How to Store Caprese Penne
Cool the dish to room temperature for no more than two hours before storing. Transfer leftovers to an airtight container and refrigerate for up to 3 days.
To reheat, warm in a 350°F oven until heated through to preserve texture. You can freeze the pasta in a freezer-safe container for up to 2 months; thaw overnight in the fridge before reheating.
Tips to Make Caprese Penne
Follow these quick tips to improve texture and flavor.
- Use whole wheat penne for more bite and fiber.
- Salt the pasta water well to season the noodles from within.
- Keep some cherry tomatoes whole for bursts of juice after baking.
- Use fresh mozzarella slices for even melting and pockets of creaminess.
- Stir parmesan into the sauce for umami and a silkier texture.
- Don’t overcook the pasta; aim for just al dente before baking.
- Add torn basil after baking for a fresher finish.
- If sauce seems thin, simmer it a few minutes longer before combining.
Common Mistakes to Avoid
A common error is overcooking the pasta before baking, which leads to a mushy texture. Stop the pasta slightly firm so it holds up during the oven finish.
Another mistake is adding all basil to the sauce; doing so can mute its fresh flavor. Reserve most basil for topping to keep its aroma and color bright.
Variations
If you want more protein, stir in cooked shredded chicken or Italian sausage before baking. For a lighter version, swap sour cream for part-skim ricotta and use less parmesan.
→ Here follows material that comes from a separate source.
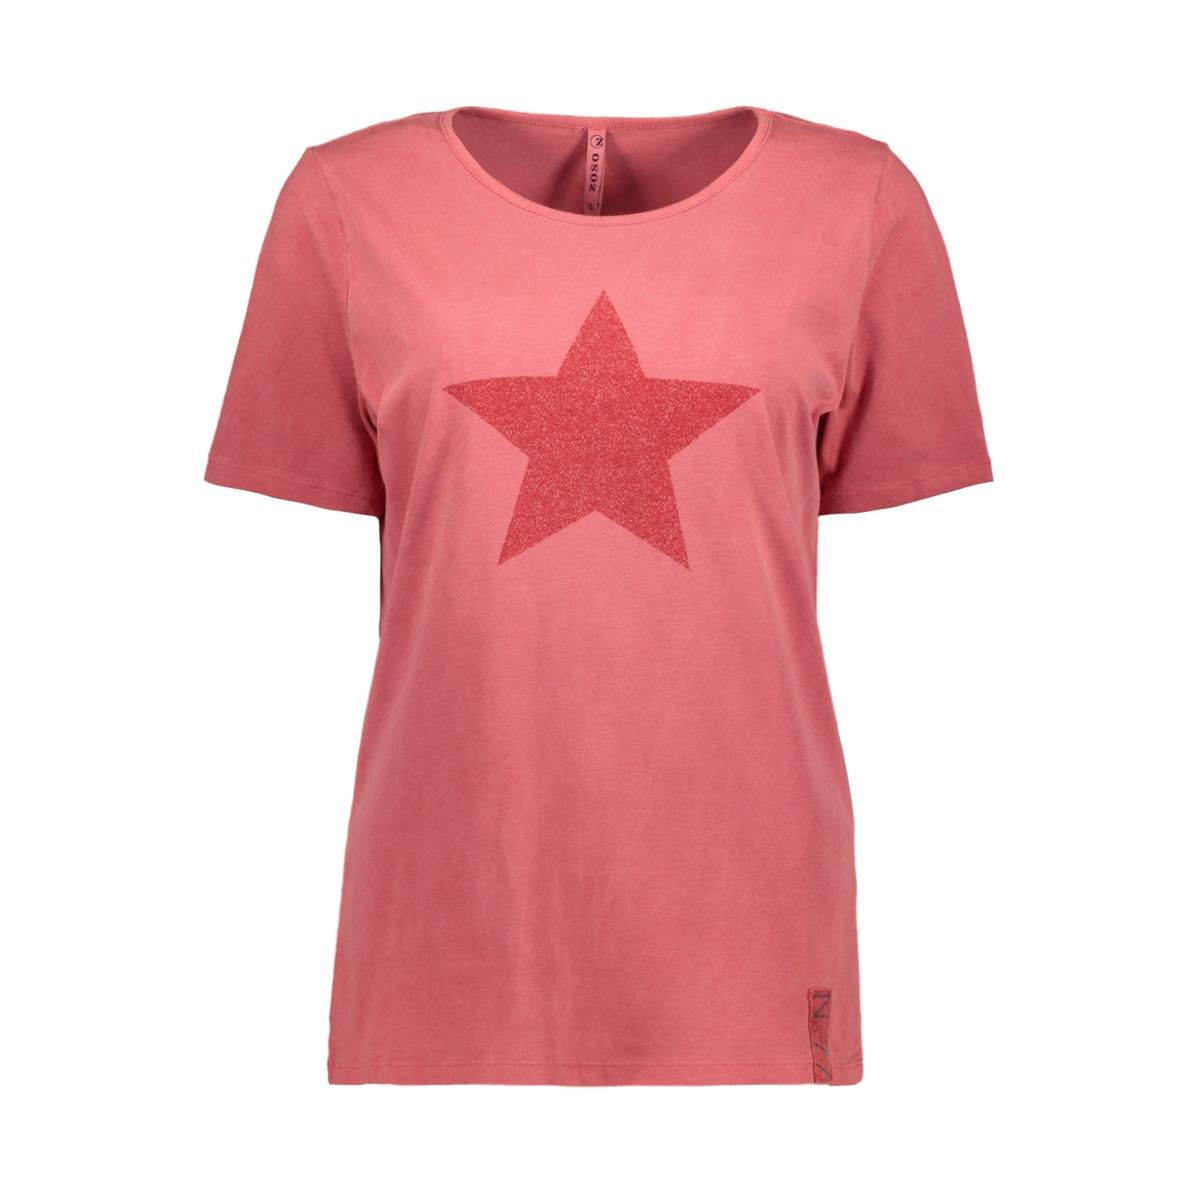 marvel garment dye t shirt 201 zoso t-shirt 0072 desert red

You can also make a vegetarian-forward twist by adding roasted vegetables such as zucchini or eggplant to the sauce before baking.
FAQs
Can I use regular penne instead of whole wheat penne?
Yes. Regular penne works the same way; cooking times may vary slightly so check for al dente texture.
Can I make this recipe ahead of time?
You can assemble it up to the point of baking, then refrigerate for a few hours before finishing in the oven.
Is there a substitute for sour cream?
Plain Greek yogurt or ricotta can substitute for sour cream with a slightly different tang and texture.
How do I prevent the mozzarella from releasing too much liquid?
Pat the mozzarella slices dry with paper towels before topping to limit excess moisture.
Can I use a jarred tomato sauce?
Yes. A good-quality jarred tomato sauce works well and keeps the recipe quick.
How long will leftovers keep in the fridge?
Stored in an airtight container, leftovers will keep for up to 3 days in the refrigerator.
Conclusion
For another simple take on the same flavor combination, see this helpful guide from Simple Caprese Penne Pasta – Entirely Elizabeth which offers variations and serving ideas.